[[ INPUT DATA, beginning ]]
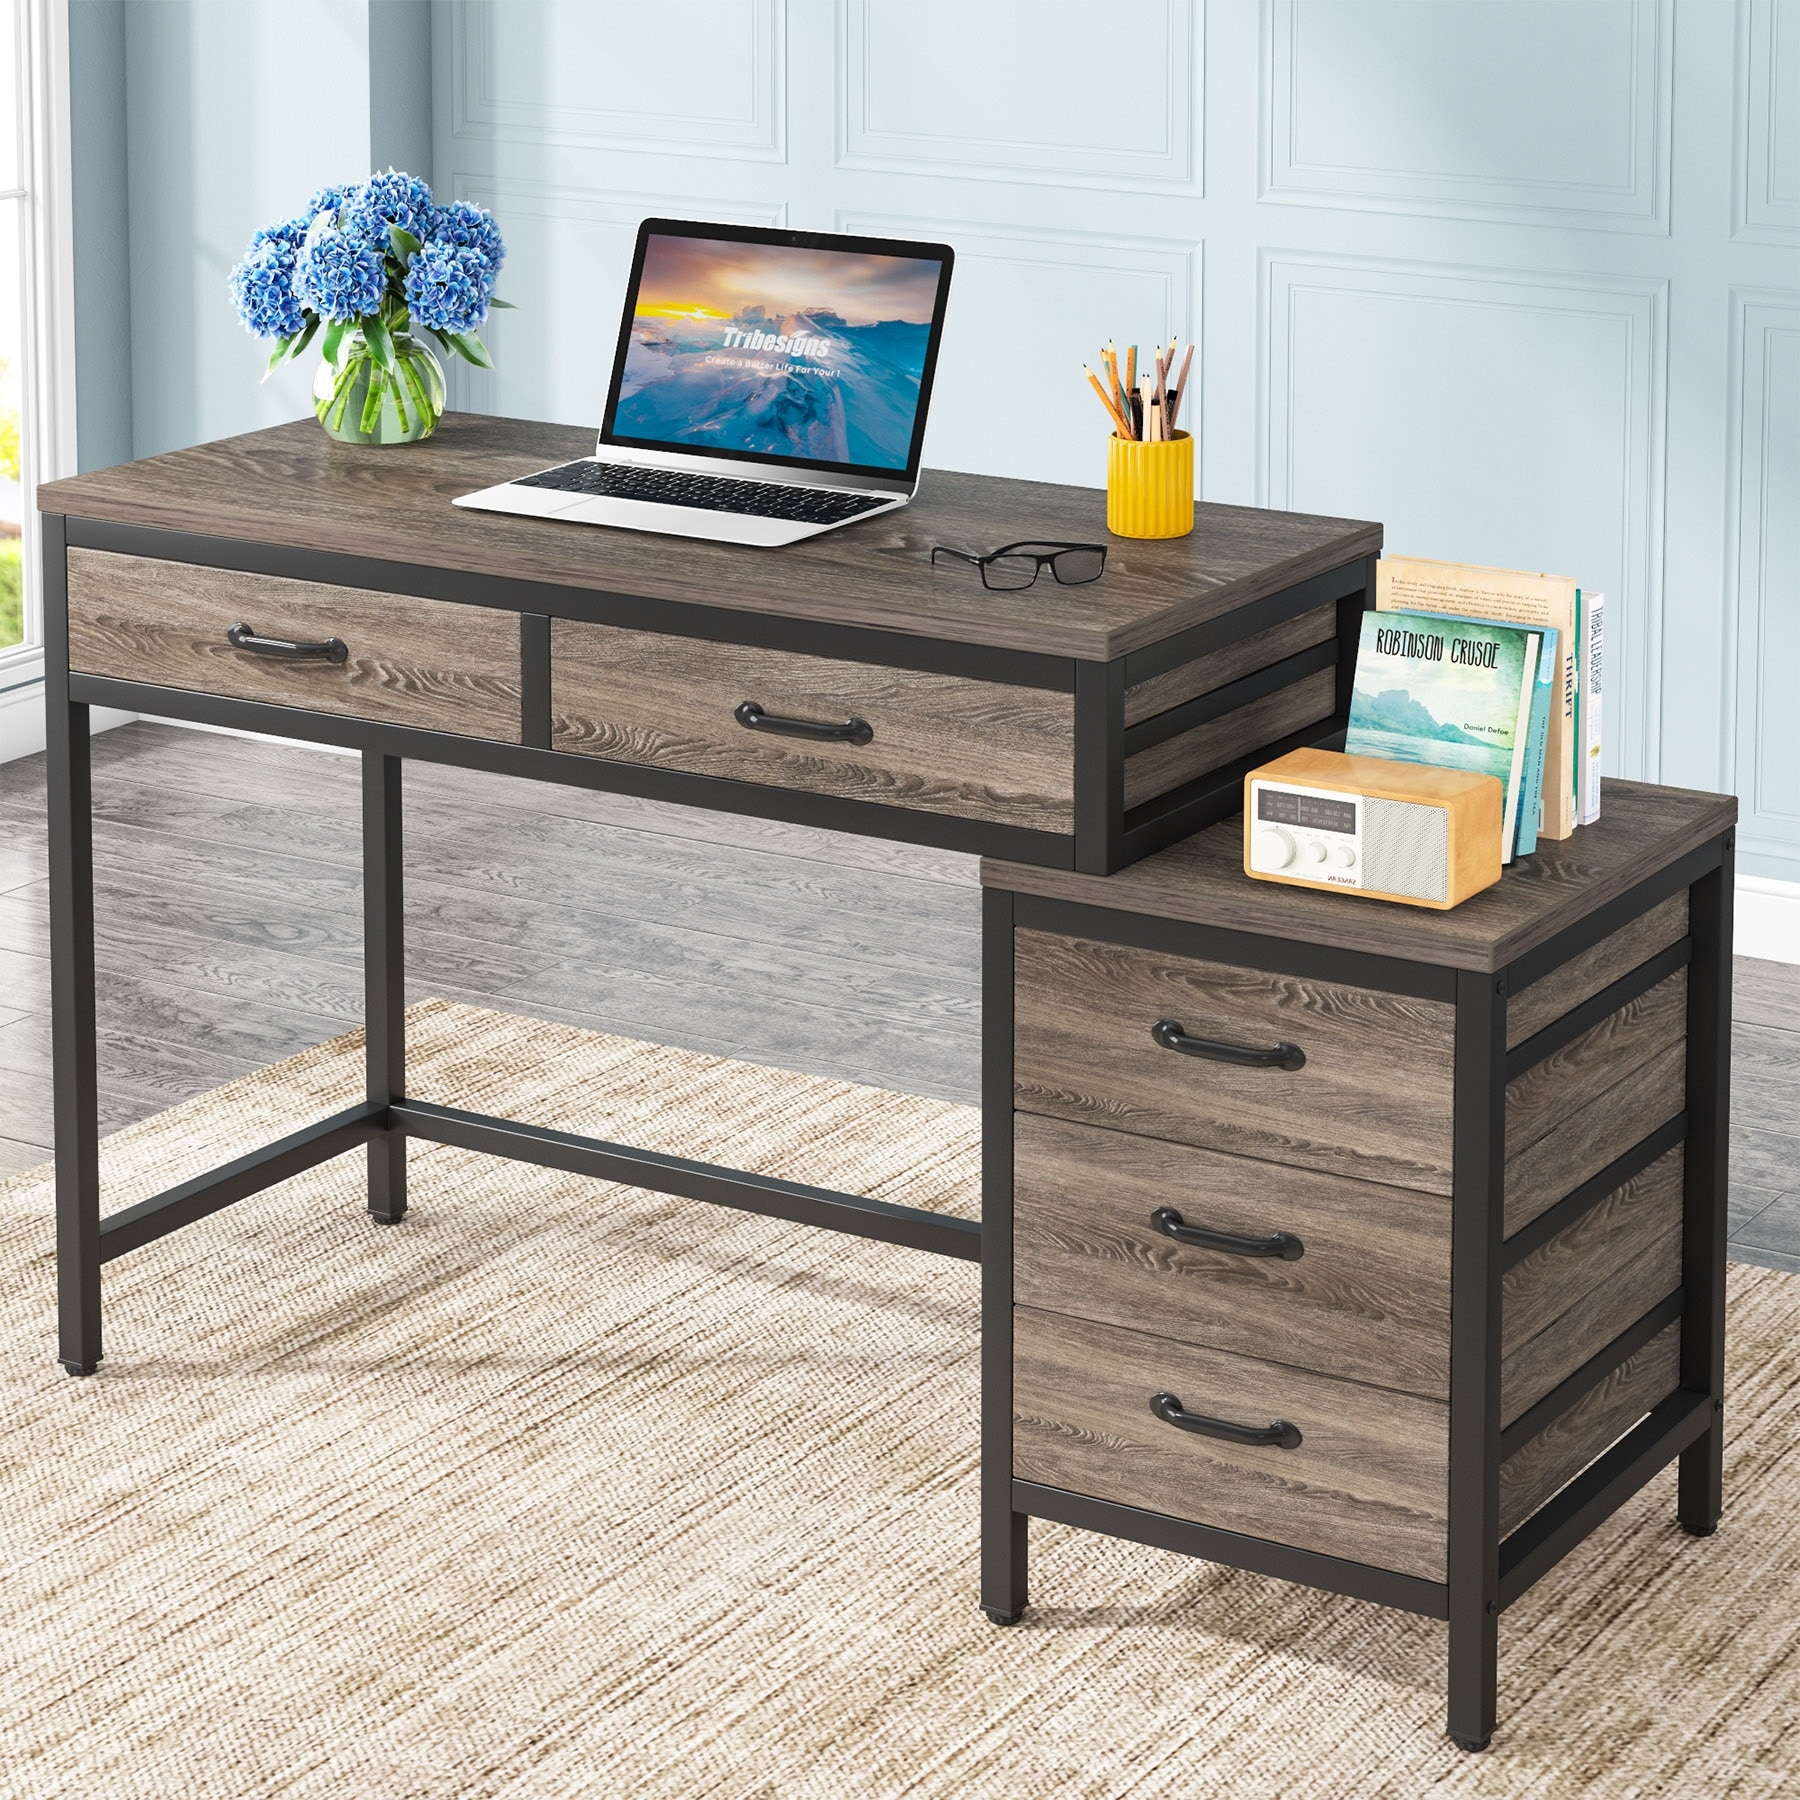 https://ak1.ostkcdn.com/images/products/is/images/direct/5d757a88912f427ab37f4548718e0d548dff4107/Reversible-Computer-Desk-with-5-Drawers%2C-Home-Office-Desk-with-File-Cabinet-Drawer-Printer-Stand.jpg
[[ INPUT DATA, end ]]
[[ INPUT DATA, beginning ]]
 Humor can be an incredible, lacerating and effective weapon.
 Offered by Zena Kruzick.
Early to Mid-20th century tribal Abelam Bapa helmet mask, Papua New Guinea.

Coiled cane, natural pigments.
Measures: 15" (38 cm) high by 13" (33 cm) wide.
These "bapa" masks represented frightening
[[ INPUT DATA, end ]]
EXERCISE -
A word-for-word copy of the lines above from the one with "(33 cm) wide." through the one with "masks represented frightening", inclusive, is the only output wanted.

OUTPUT BELOW -
Measures: 15" (38 cm) high by 13" (33 cm) wide.
These "bapa" masks represented frightening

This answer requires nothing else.